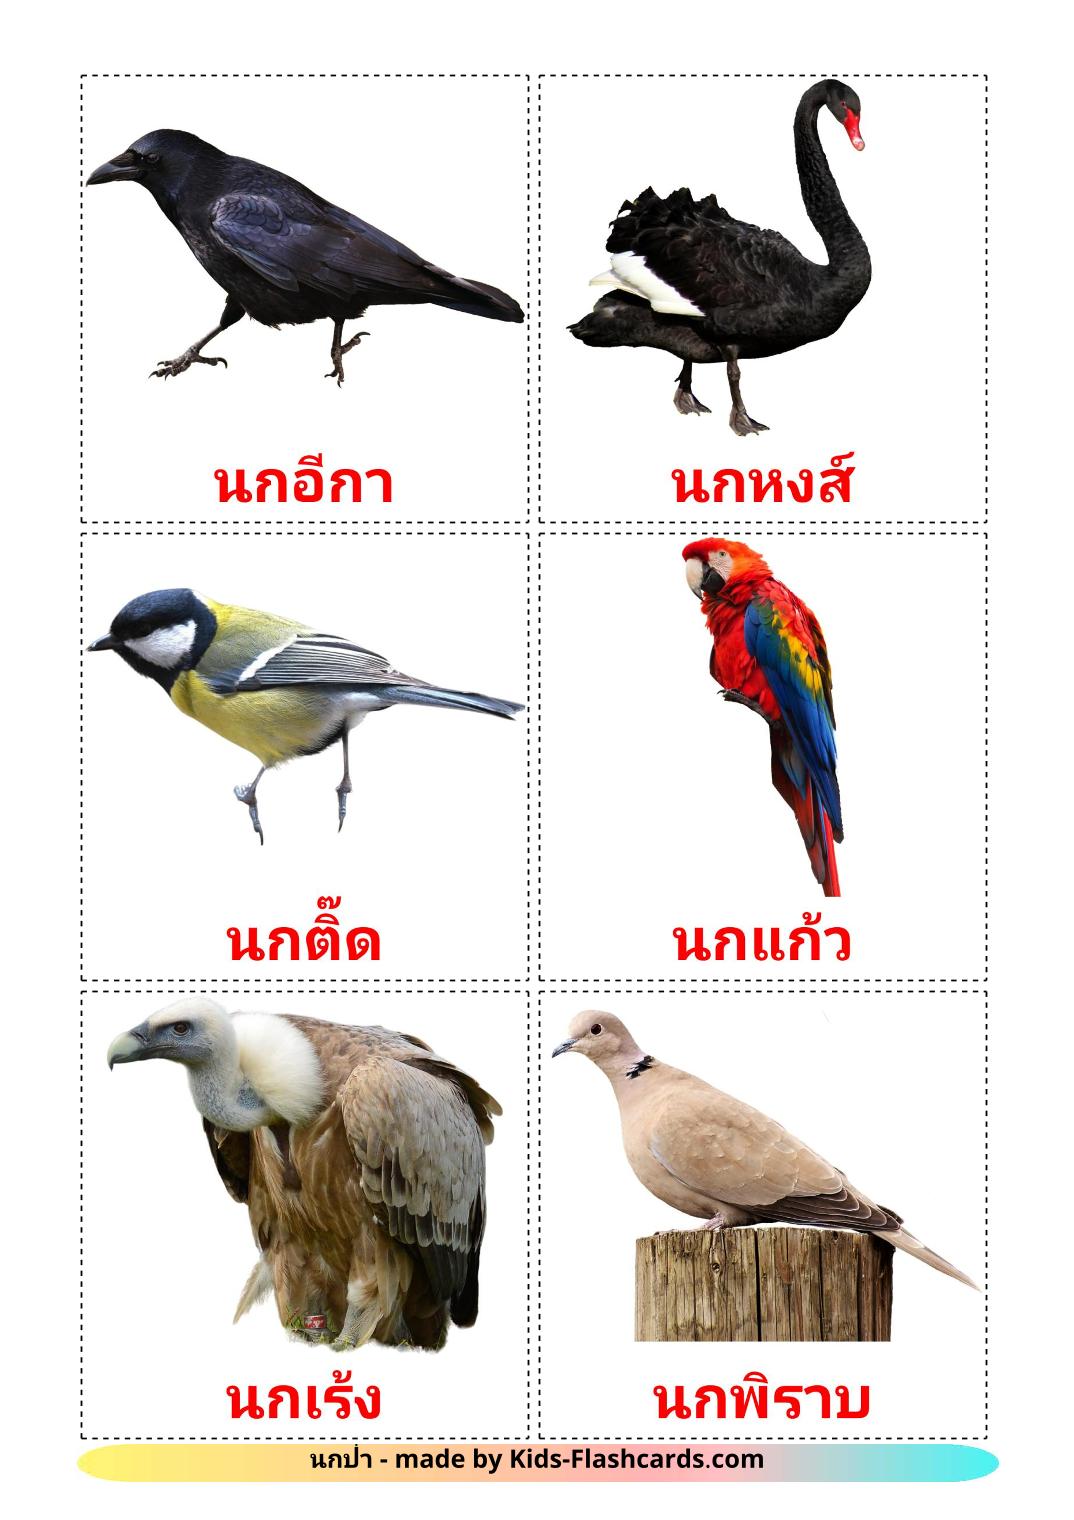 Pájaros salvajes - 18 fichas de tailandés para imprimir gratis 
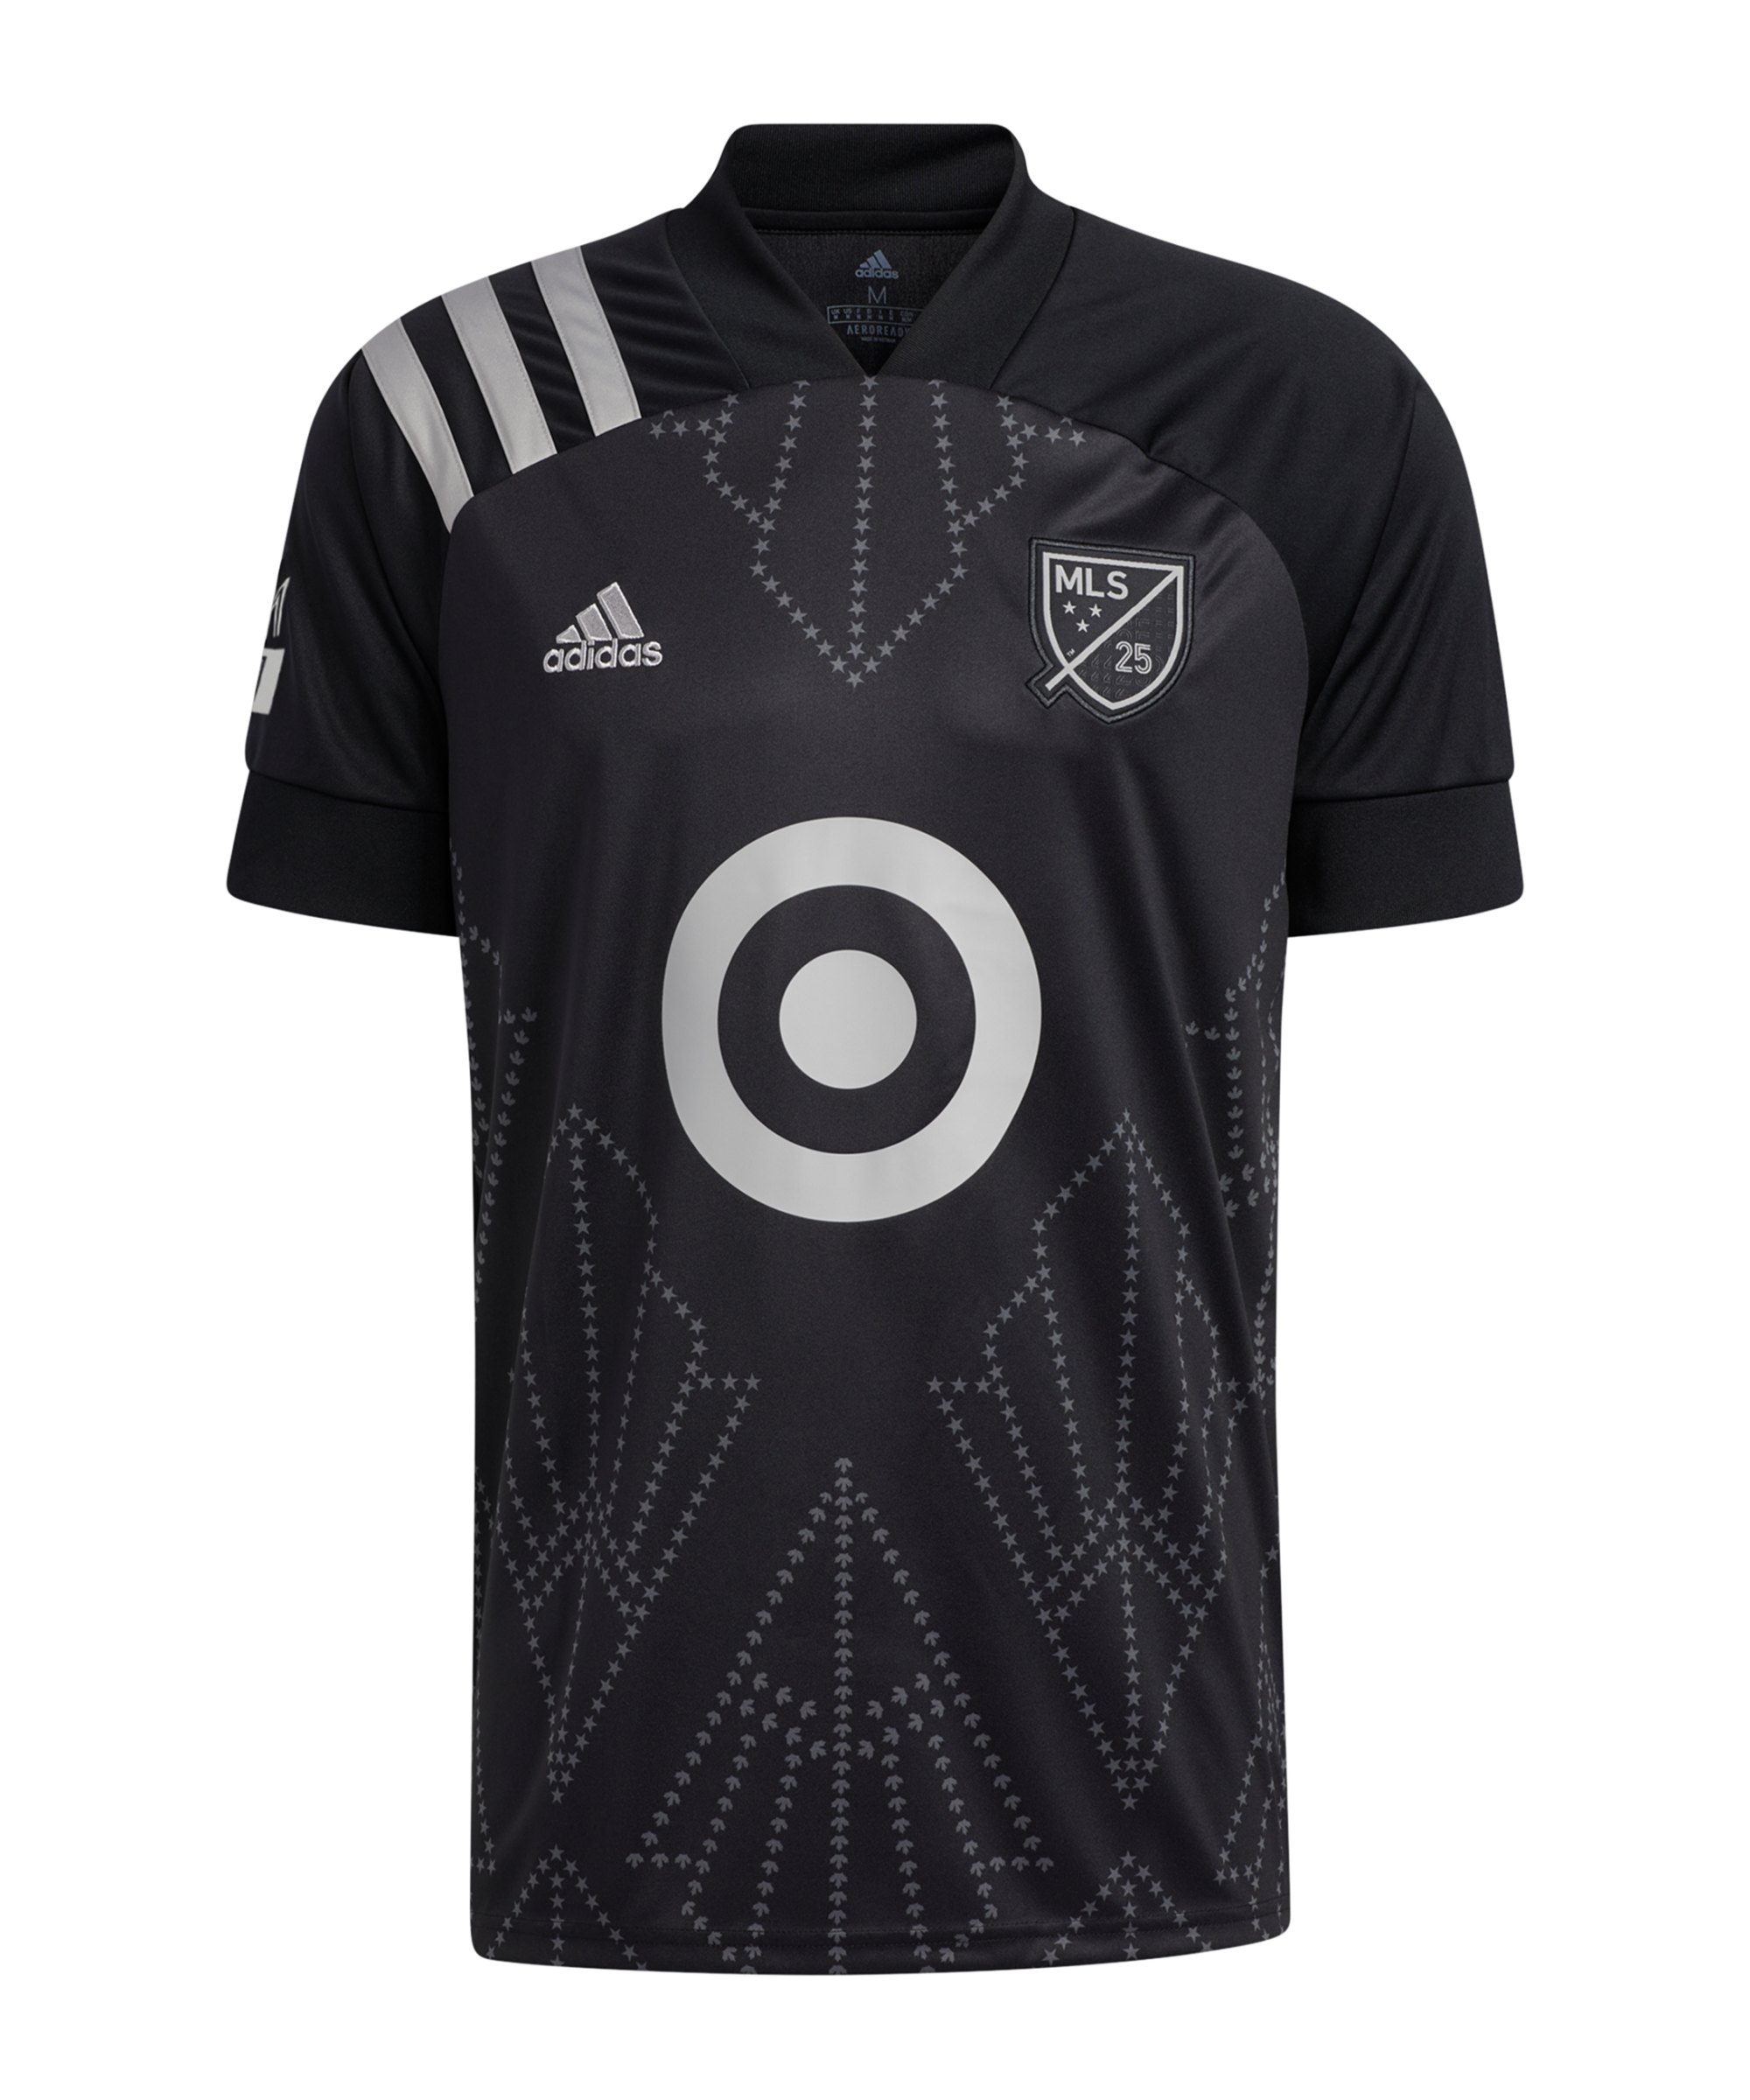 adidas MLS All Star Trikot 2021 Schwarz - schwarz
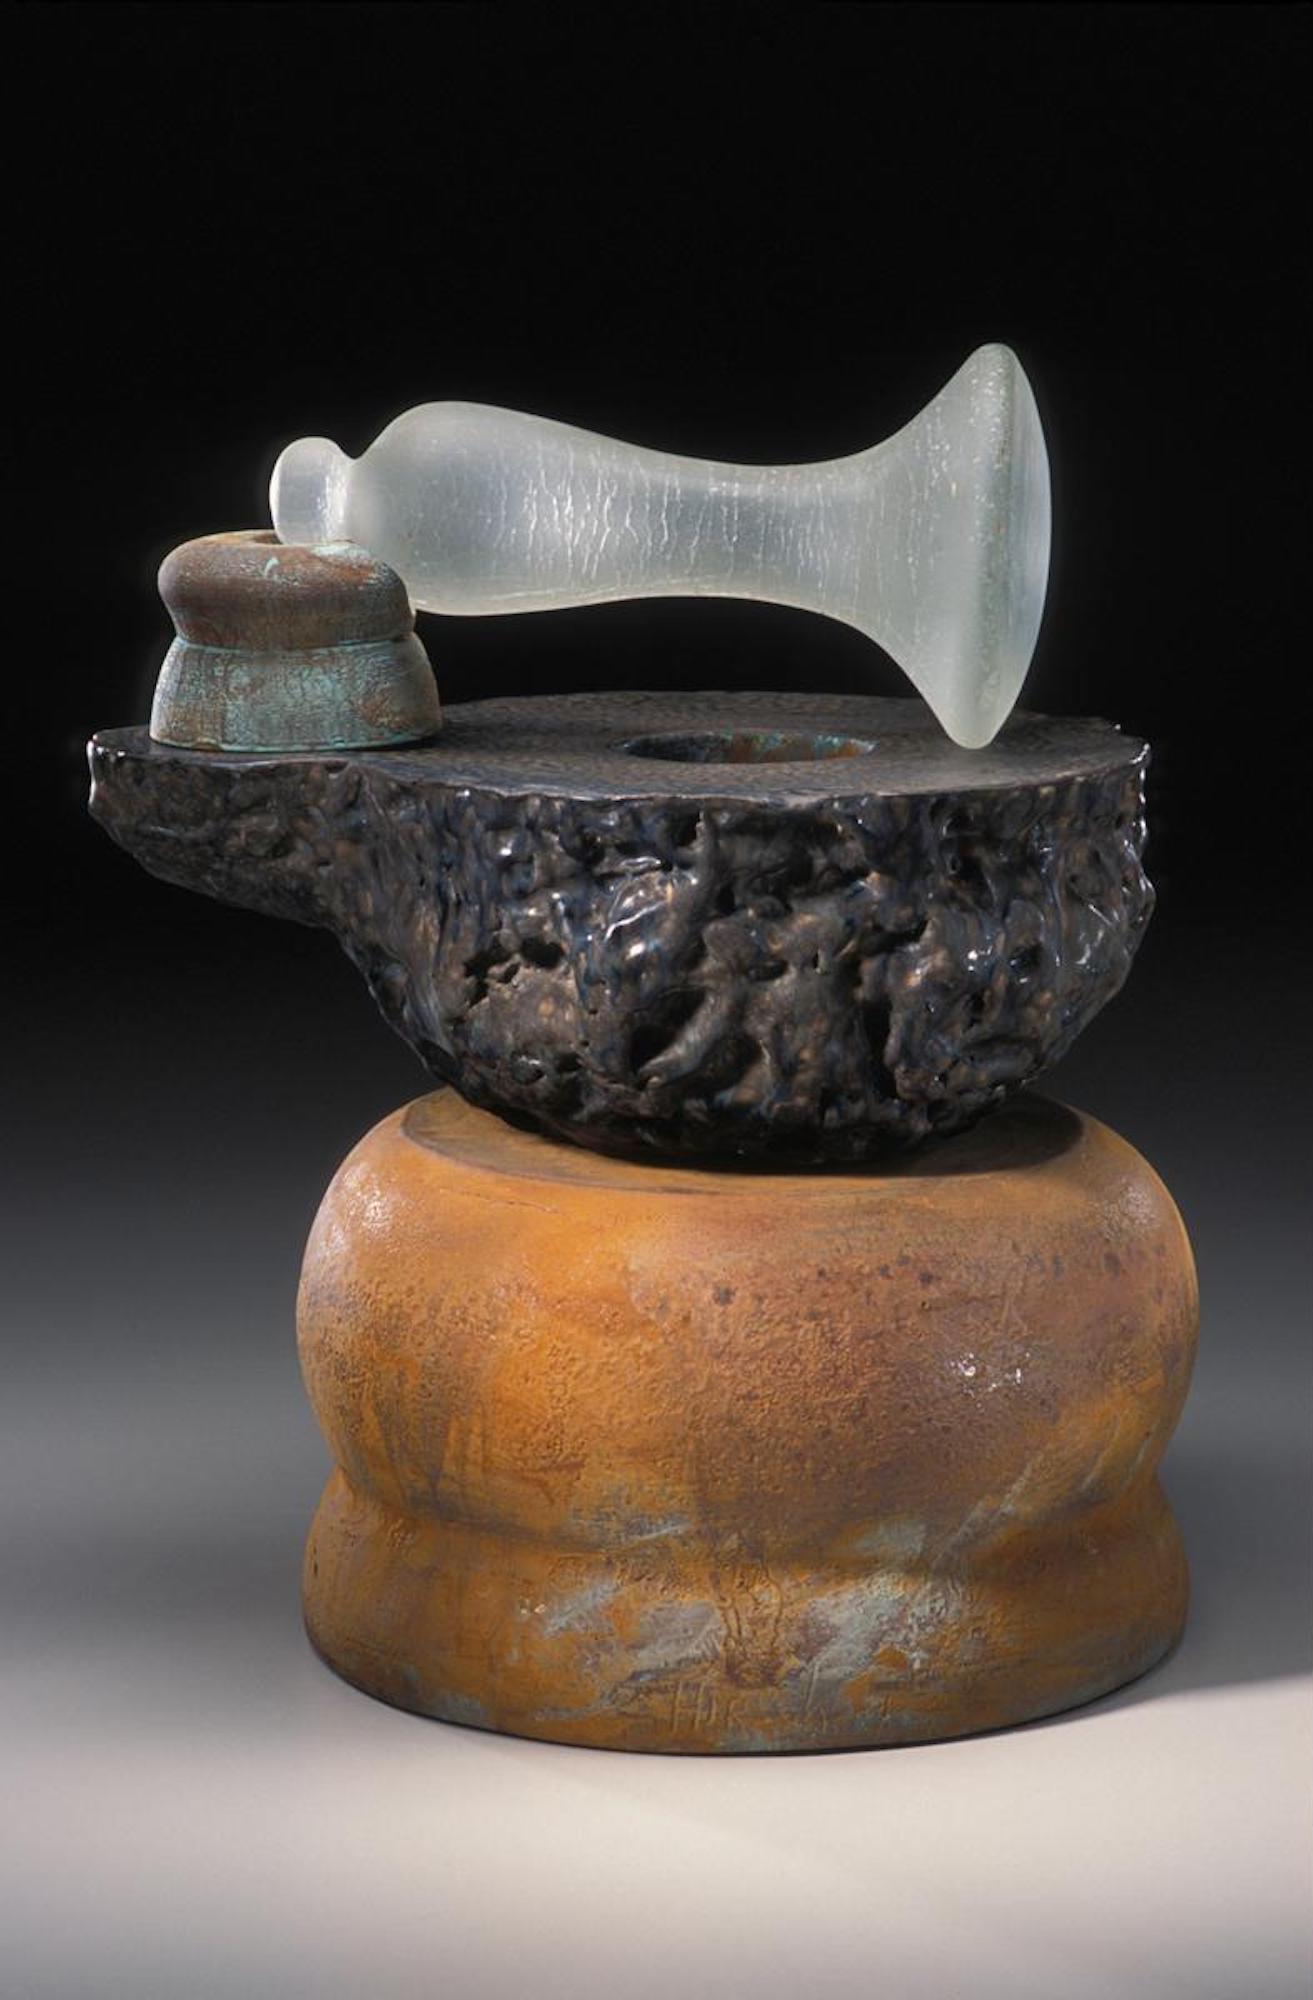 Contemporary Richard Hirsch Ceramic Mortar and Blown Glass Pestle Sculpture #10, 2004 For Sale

····················

▸ **WHAT YOU SHOULD DO**:
Where images occur in the data above, leave them out and repeat everything else exactly.

▸ **RESPONSE TO THIS TASK**:
 Pájaros salvajes - 18 fichas de tailandés para imprimir gratis 
 adidas MLS All Star Trikot 2021 Schwarz - schwarz
 Contemporary Richard Hirsch Ceramic Mortar and Blown Glass Pestle Sculpture #10, 2004 For Sale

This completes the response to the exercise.